[ACTIVITY]:
Could you write out, exactly as they stand, only the lines in the listing below from the line with "watches icon sign" to the line with "EUROPA 1991 - GUERNESEY", both ends included, without the pictures?

[DATA SHOWN]:
--
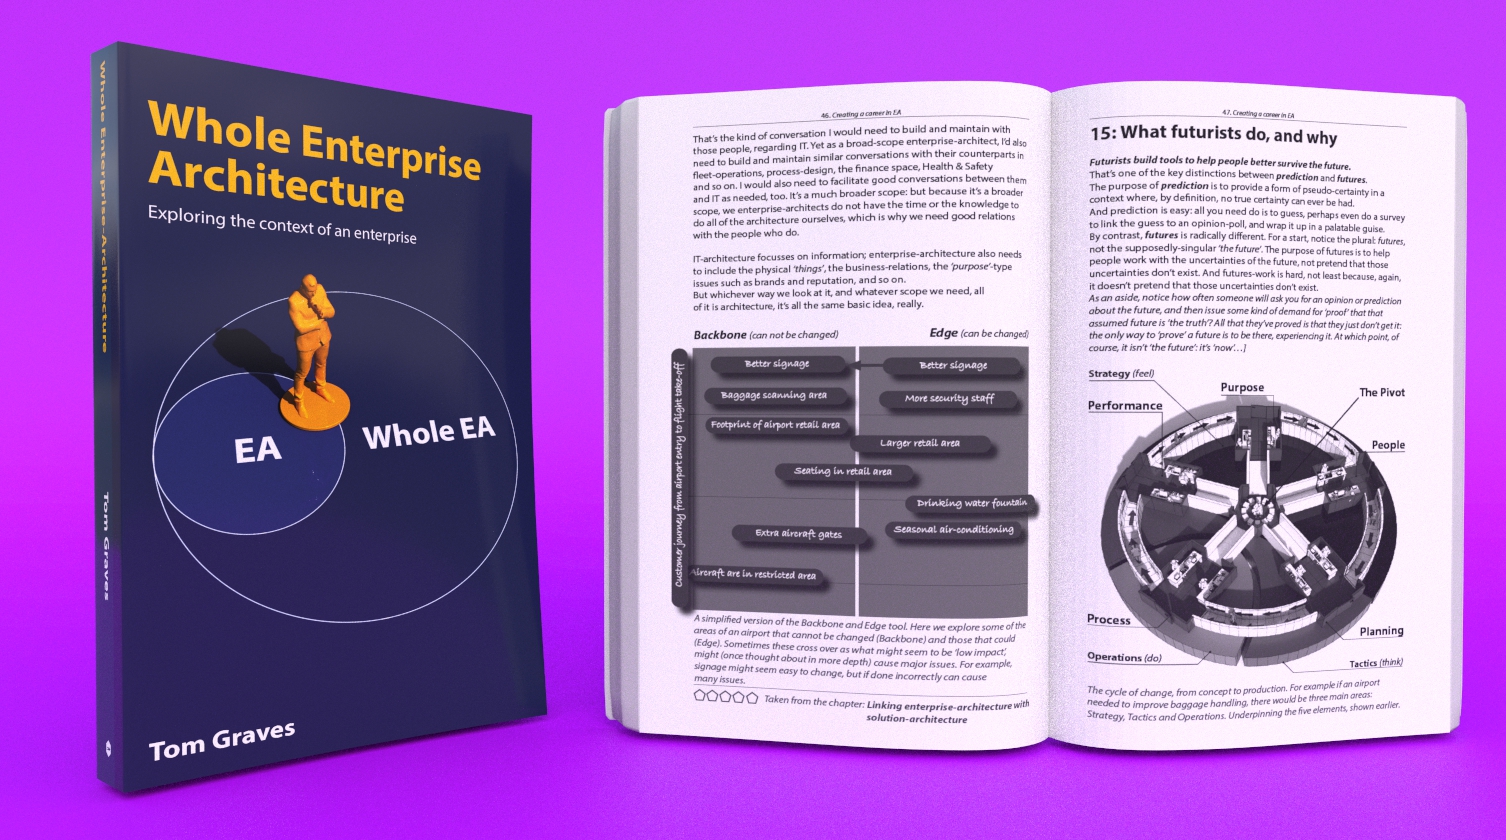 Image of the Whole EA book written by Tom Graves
--
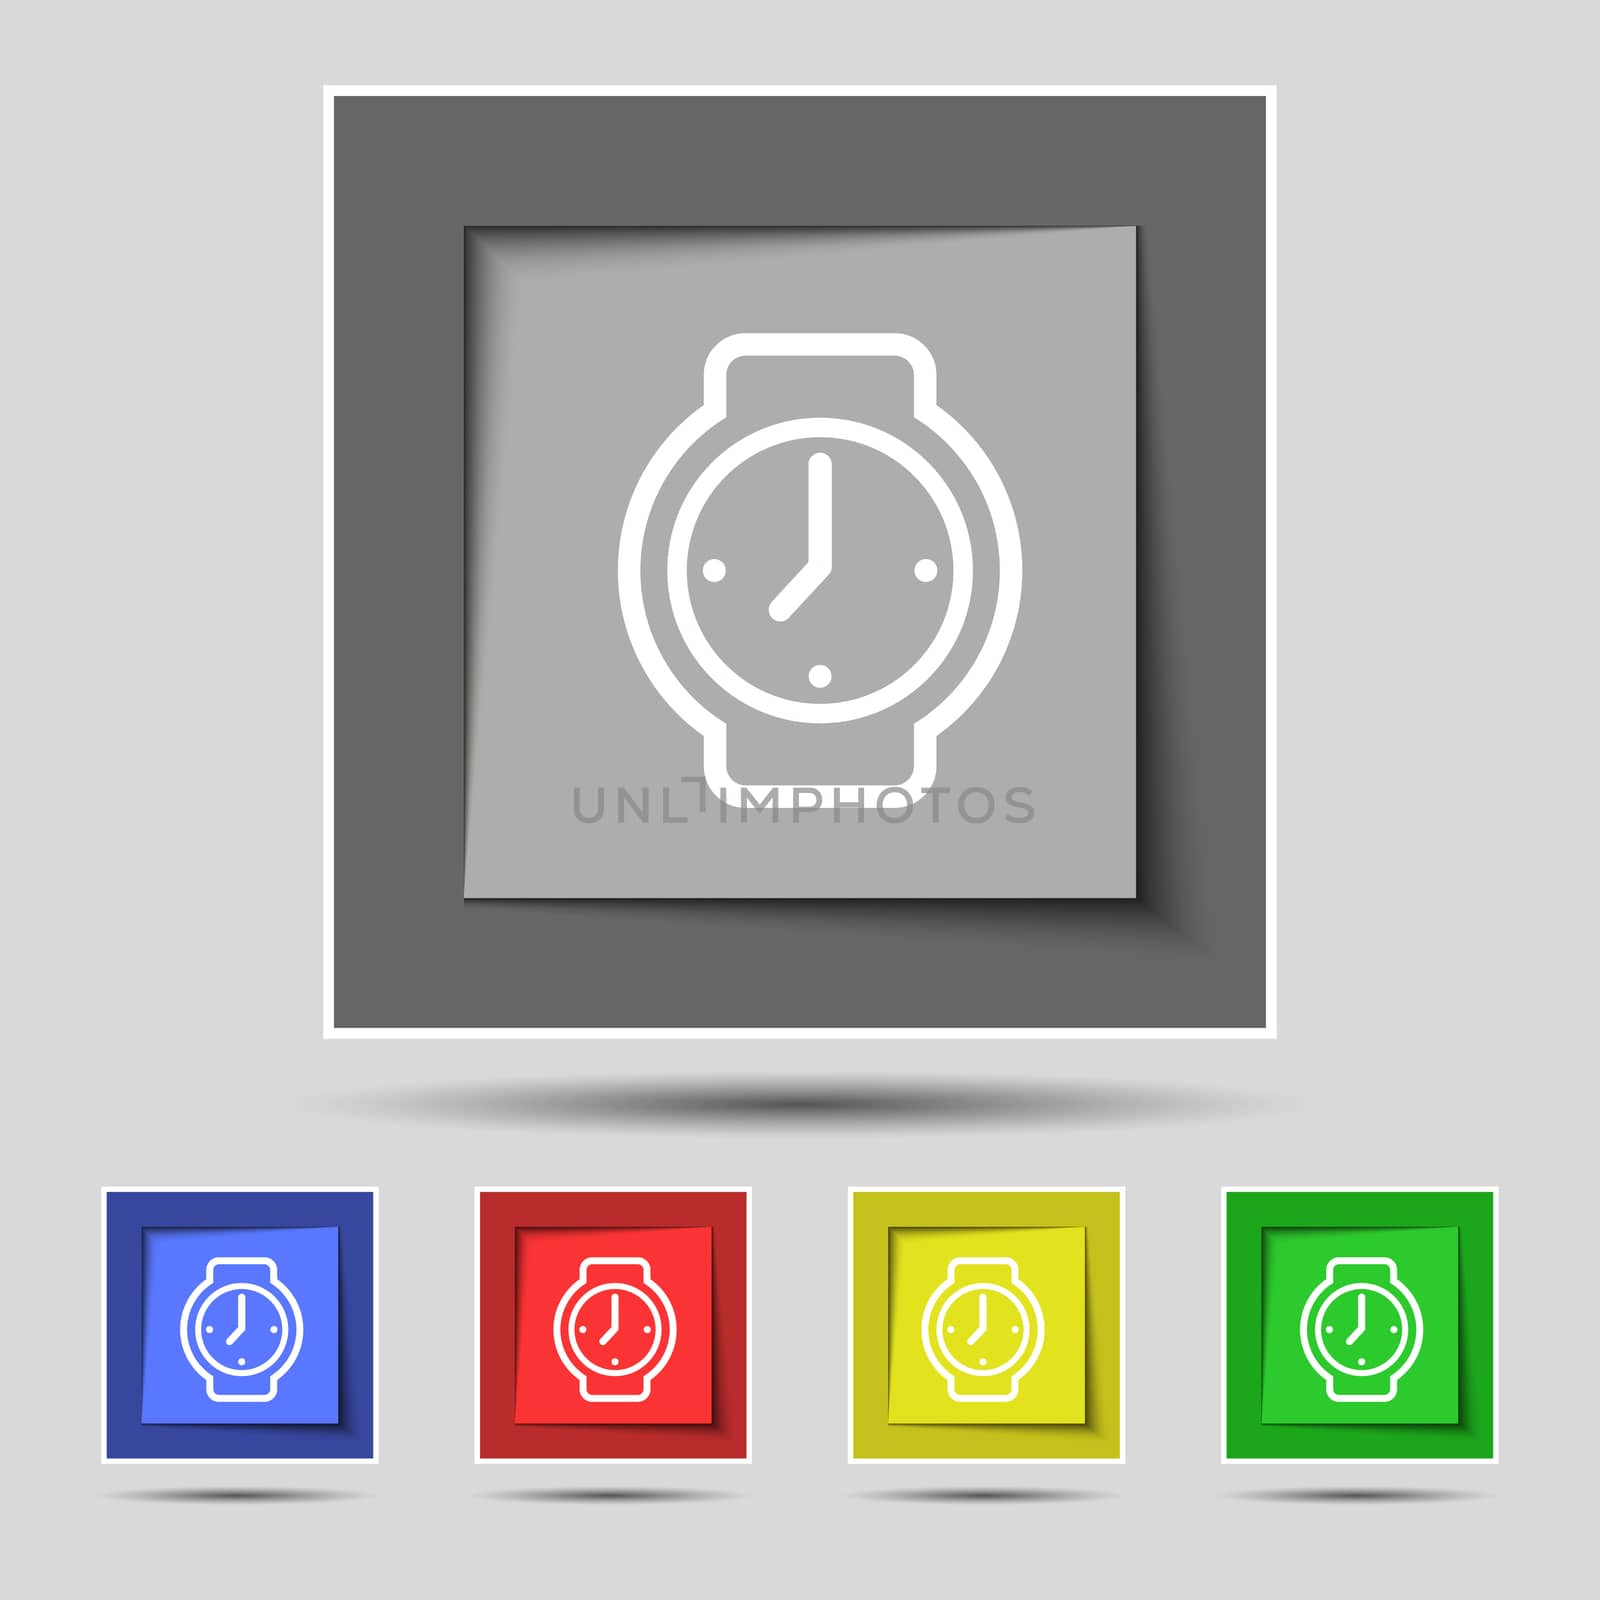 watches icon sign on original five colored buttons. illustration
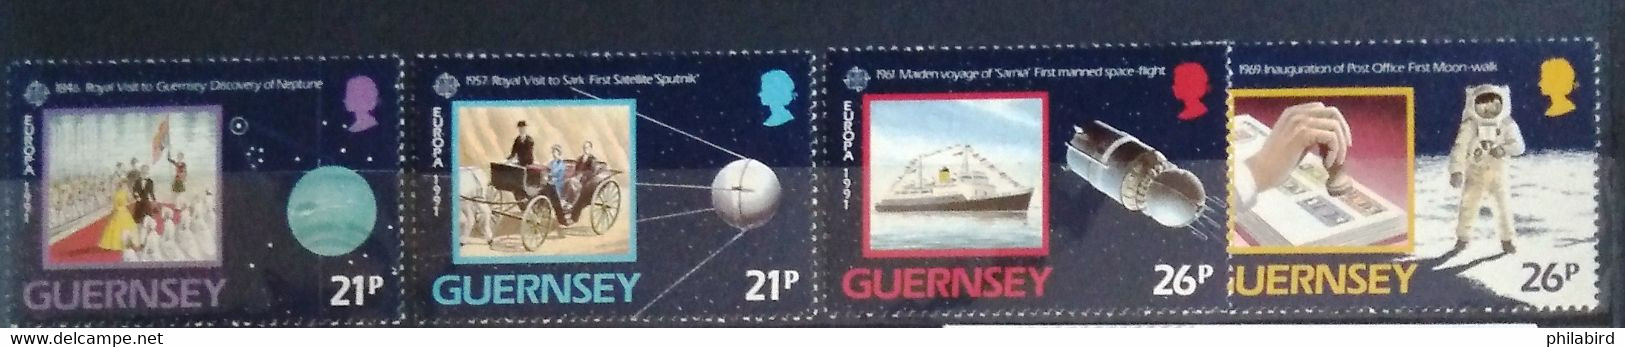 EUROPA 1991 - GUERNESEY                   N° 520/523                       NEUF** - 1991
--
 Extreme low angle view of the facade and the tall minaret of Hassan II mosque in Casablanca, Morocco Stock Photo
--
[WRITTEN RESPONSE]:
 watches icon sign on original five colored buttons. illustration
 EUROPA 1991 - GUERNESEY                   N° 520/523                       NEUF** - 1991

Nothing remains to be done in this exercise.